# Material provided

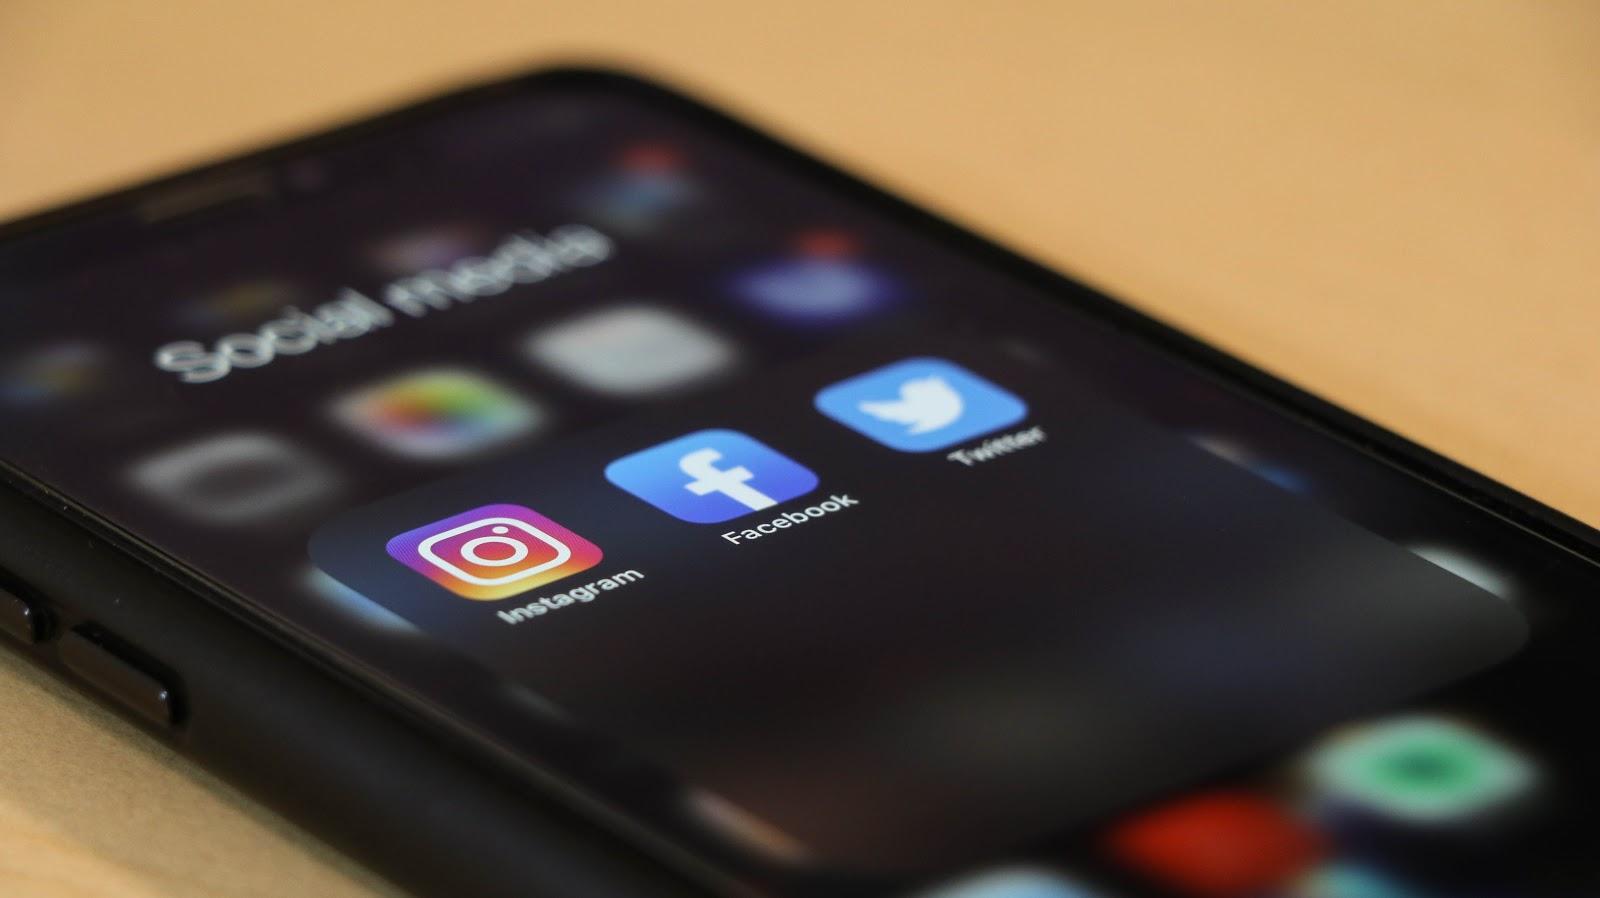 Telefoon met social media apps open
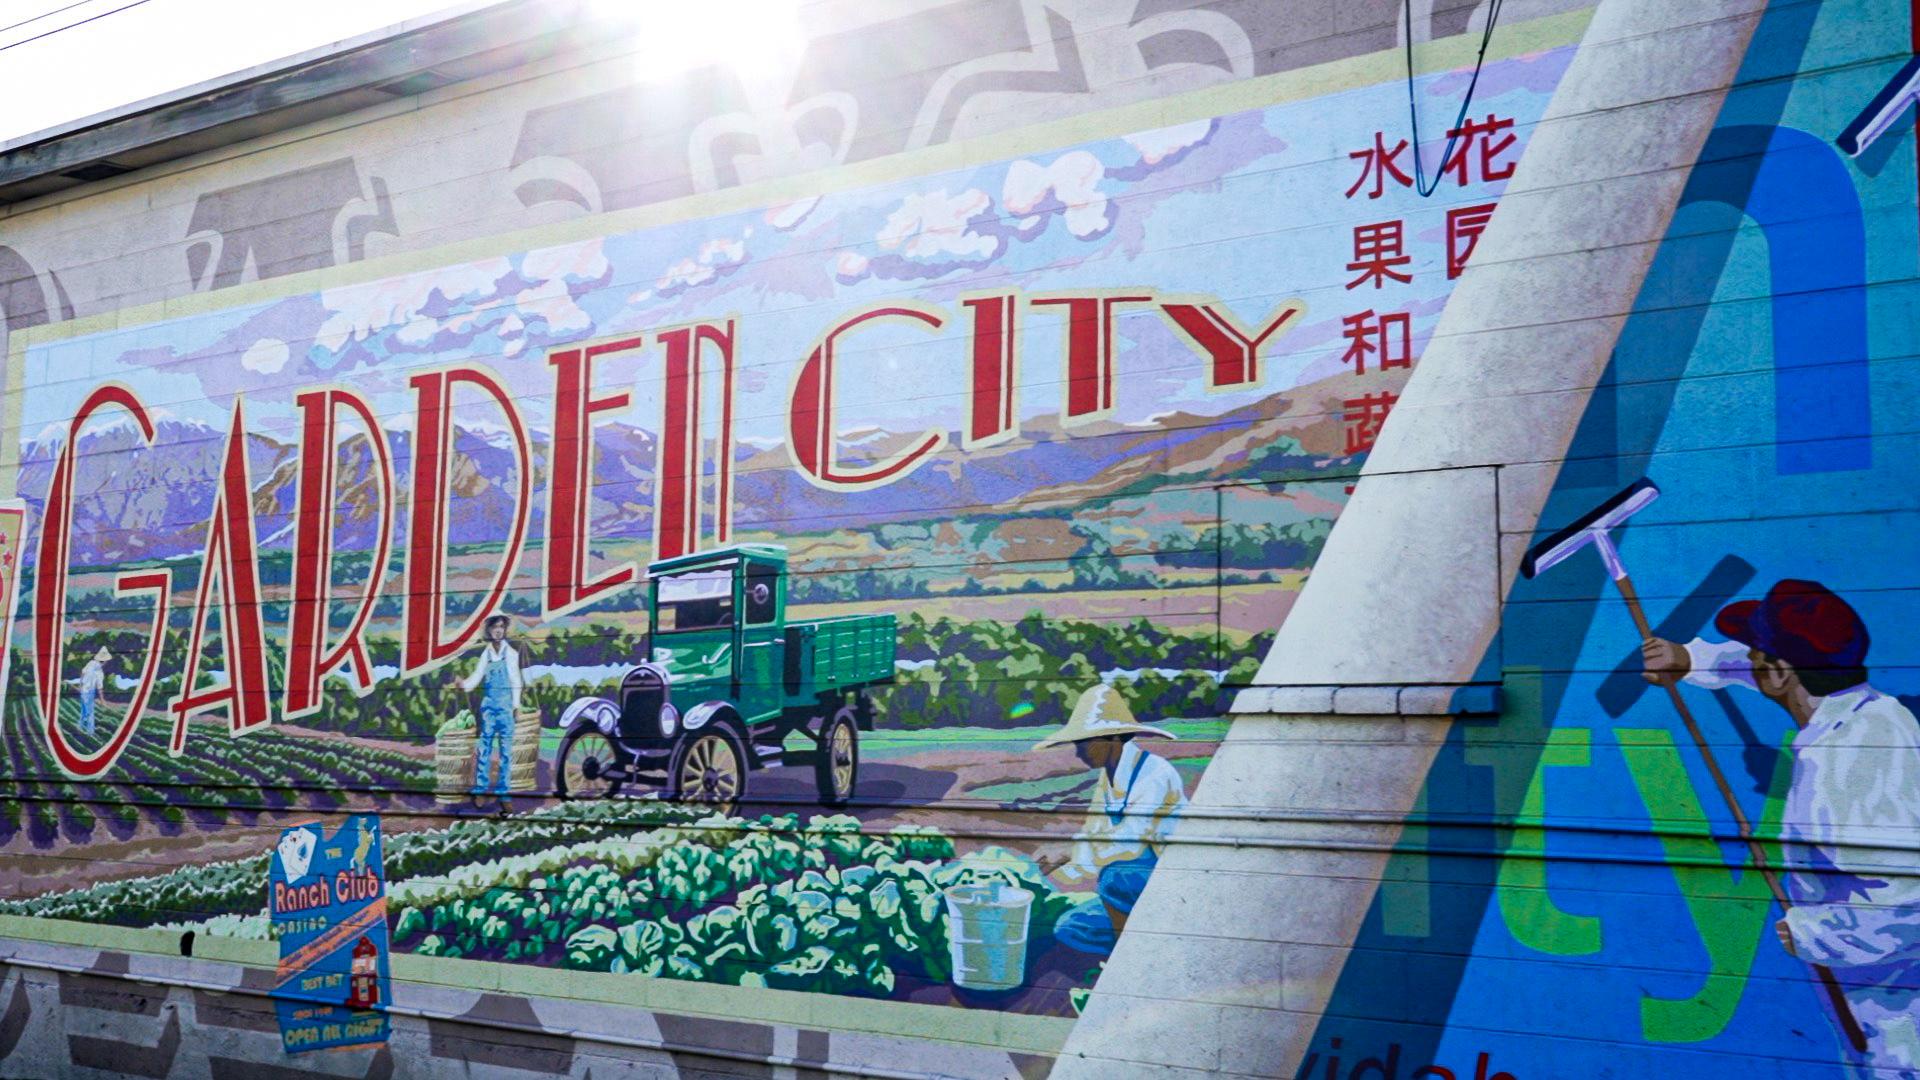 Move to Garden City
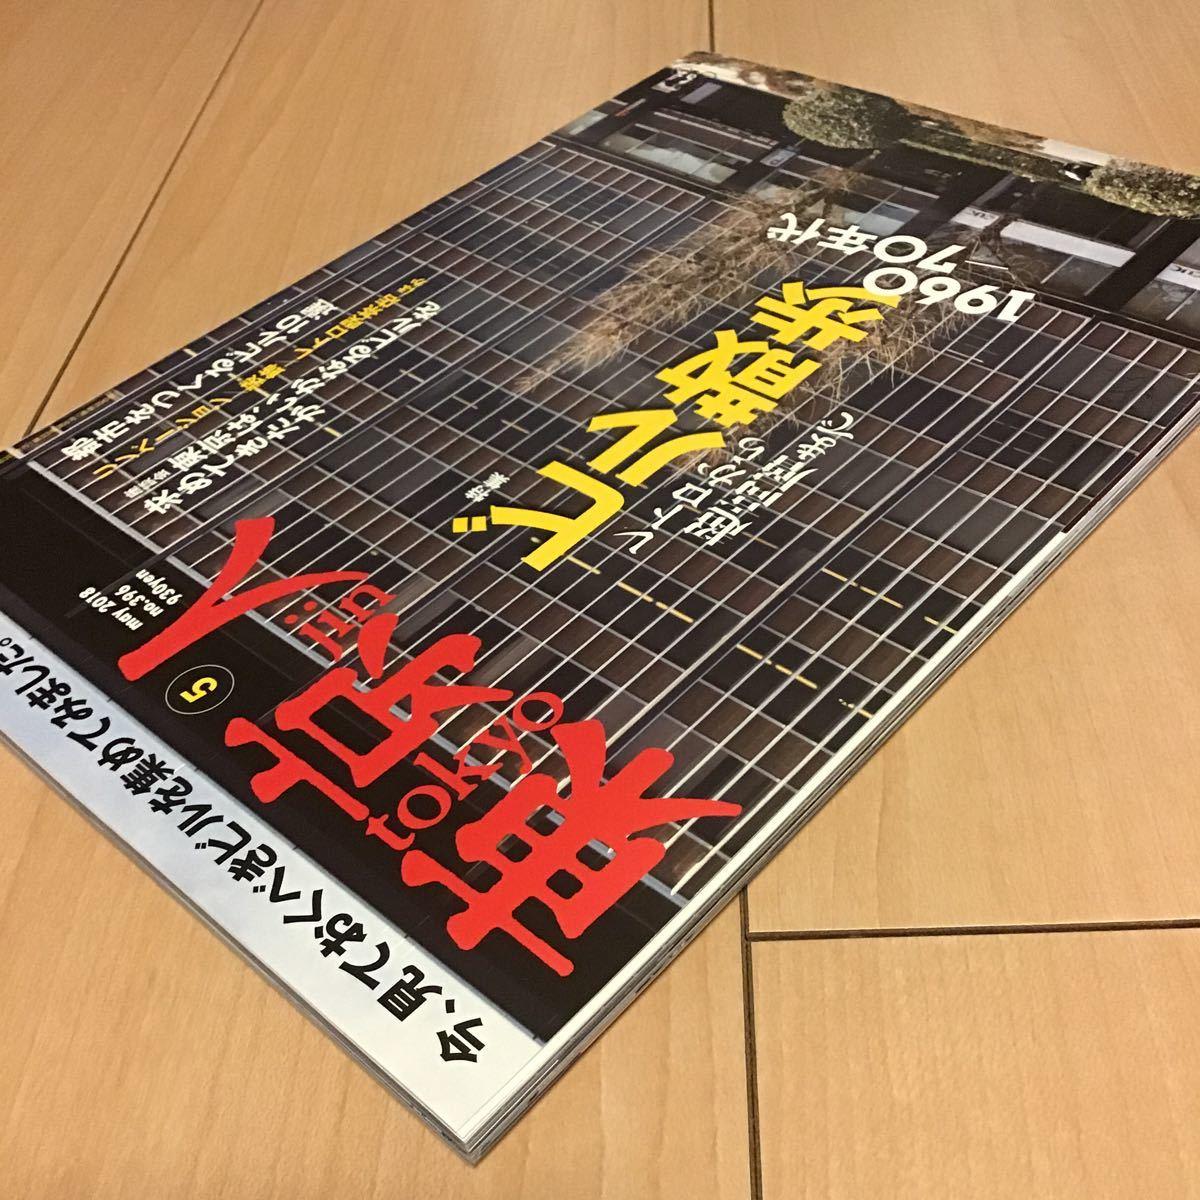 東京人 NO.396 2018年5月号 ビル散歩 1960-1970年代 レトロから超高層まで / 都市をつくるビル10選_画像3

# Problem requirements
If pictures appear in the data, do not print them; repeat the rest exactly.

# Answer to this task
 Telefoon met social media apps open
 Move to Garden City
 東京人 NO.396 2018年5月号 ビル散歩 1960-1970年代 レトロから超高層まで / 都市をつくるビル10選_画像3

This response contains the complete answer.